H. Limitation of ▇▇▇▇▇▇▇▇▇▇’▇ Liability to the Company. ▇▇▇▇▇▇▇▇▇▇ and the Company further agree that neither ▇▇▇▇▇▇▇▇▇▇ nor any of its
affiliates or any of its or their respective officers, directors, controlling persons (within the meaning of Section 15 of the Securities Act or Section 20 of the Exchange Act), employees or agents shall have any liability to the Company, its
security holders or creditors, or any person asserting claims on behalf of or in the right of the Company (whether direct or indirect, in contract, tort, for an act of negligence or otherwise) for any losses, fees, damages, liabilities, costs,
expenses or equitable relief arising out of or relating to this Agreement or the services rendered hereunder, except for losses, fees, damages, liabilities, costs or expenses that arise out of or are based on any action of or failure to act by
▇▇▇▇▇▇▇▇▇▇ and that are finally judicially determined to have resulted solely from the gross negligence or willful misconduct of ▇▇▇▇▇▇▇▇▇▇.

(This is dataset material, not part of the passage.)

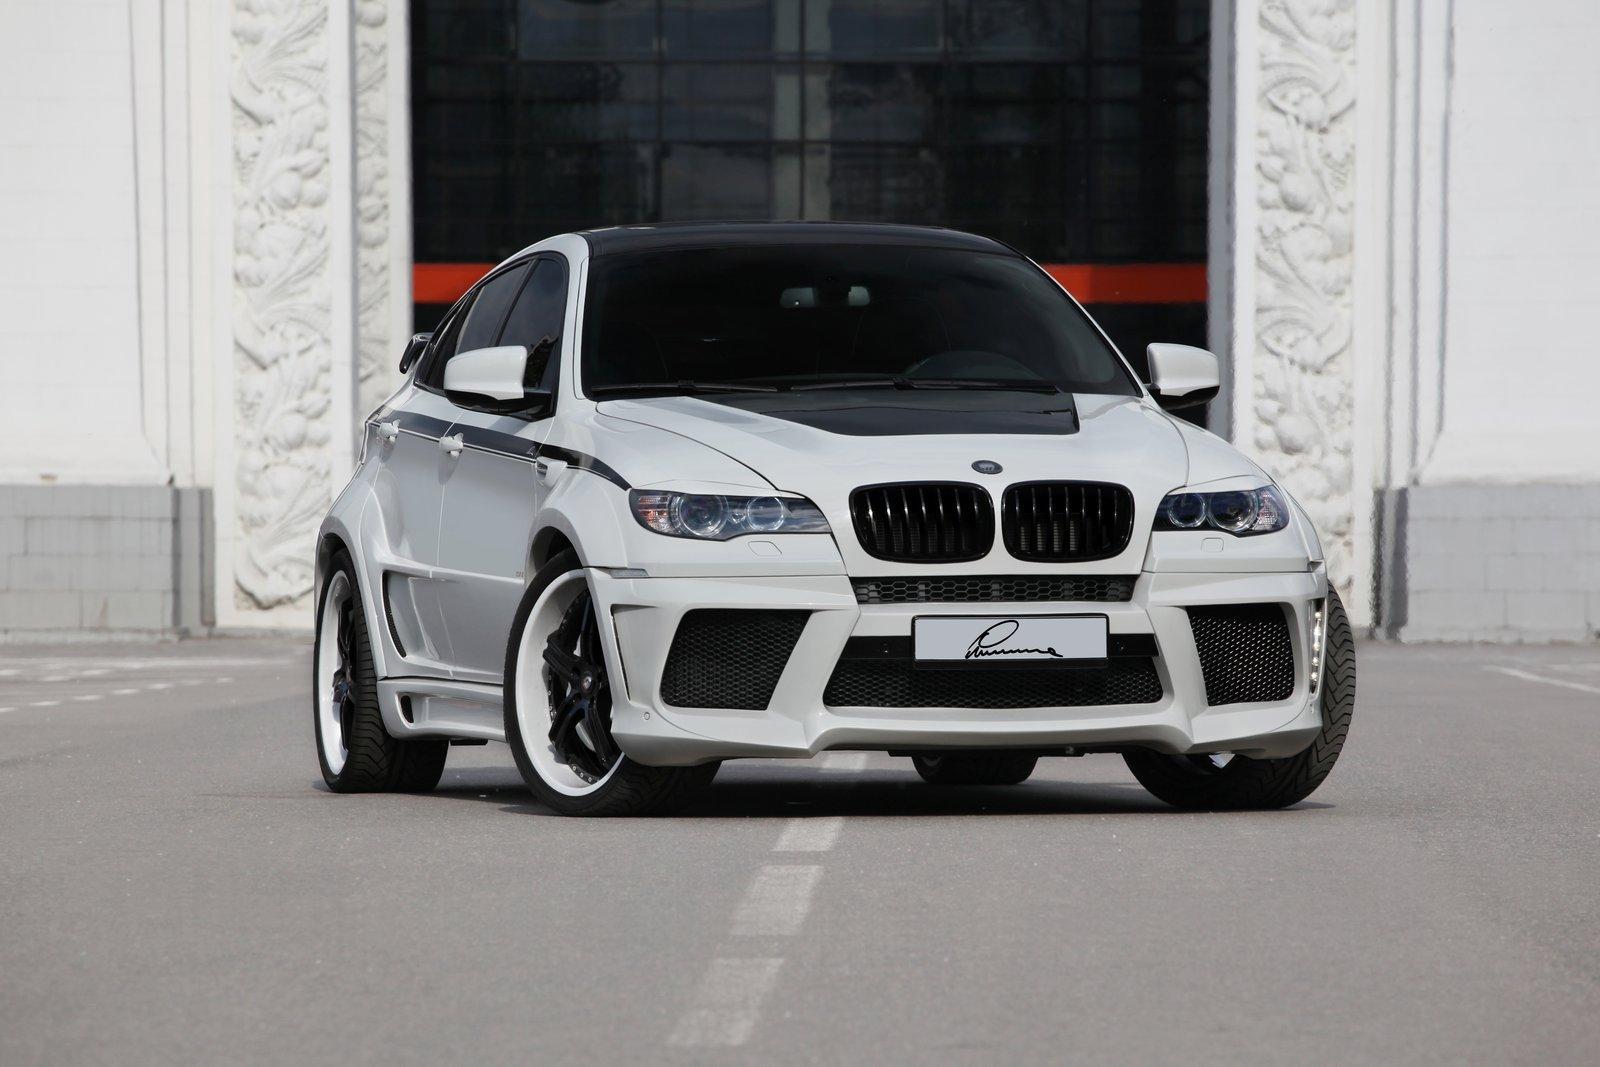 http://2.bp.blogspot.com/-pLsXkQdyjcA/Tt9EICgQF7I/AAAAAAAABaE/lYDuGiuV3Y8/s1600/Lumma-Design-BMW-X6-CLR-X-650-4.jpg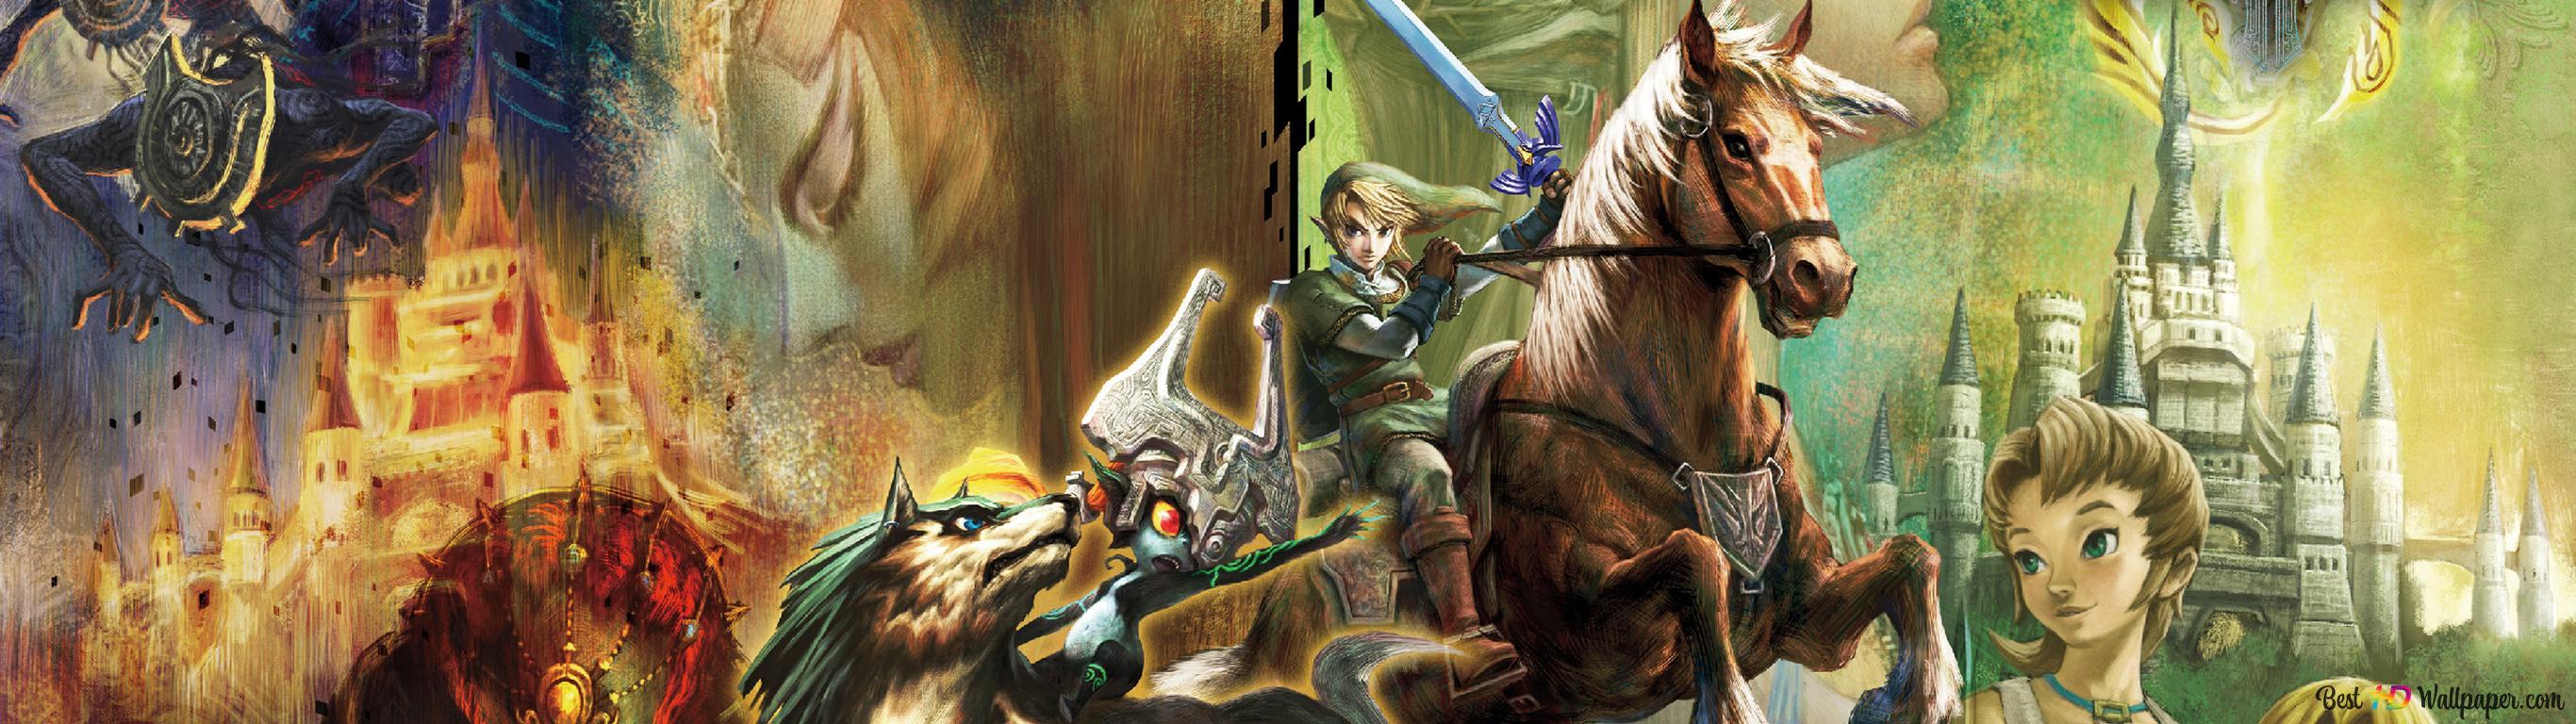 The Legend Of Zelda Twilight Princess Hd Wallpaper Download

I. Governing Law. This Agreement shall be governed by and construed in accordance with the laws of the State of New York applicable to
agreements made and to be fully performed therein. Any disputes that arise under this Agreement, even after the termination of this Agreement, will be heard only in the state or federal courts located in the City of New York, State of New York. The
parties hereto expressly agree to submit themselves to the jurisdiction of the foregoing courts in the City of New York, State of New York. The parties hereto expressly waive any rights they may have to contest the jurisdiction, venue or authority of
any court sitting in the City and State of New York. In the event ▇▇▇▇▇▇▇▇▇▇ or any Indemnified Person is successful in any action, or suit against the Company, arising out of or relating to this Agreement, the final judgment or award entered shall
be entitled to have and recover from the Company the costs and expenses incurred in connection therewith, including its reasonable attorneys’ fees. Any rights to trial by jury with respect to any such action, proceeding or suit are hereby waived by
▇▇▇▇▇▇▇▇▇▇ and the Company.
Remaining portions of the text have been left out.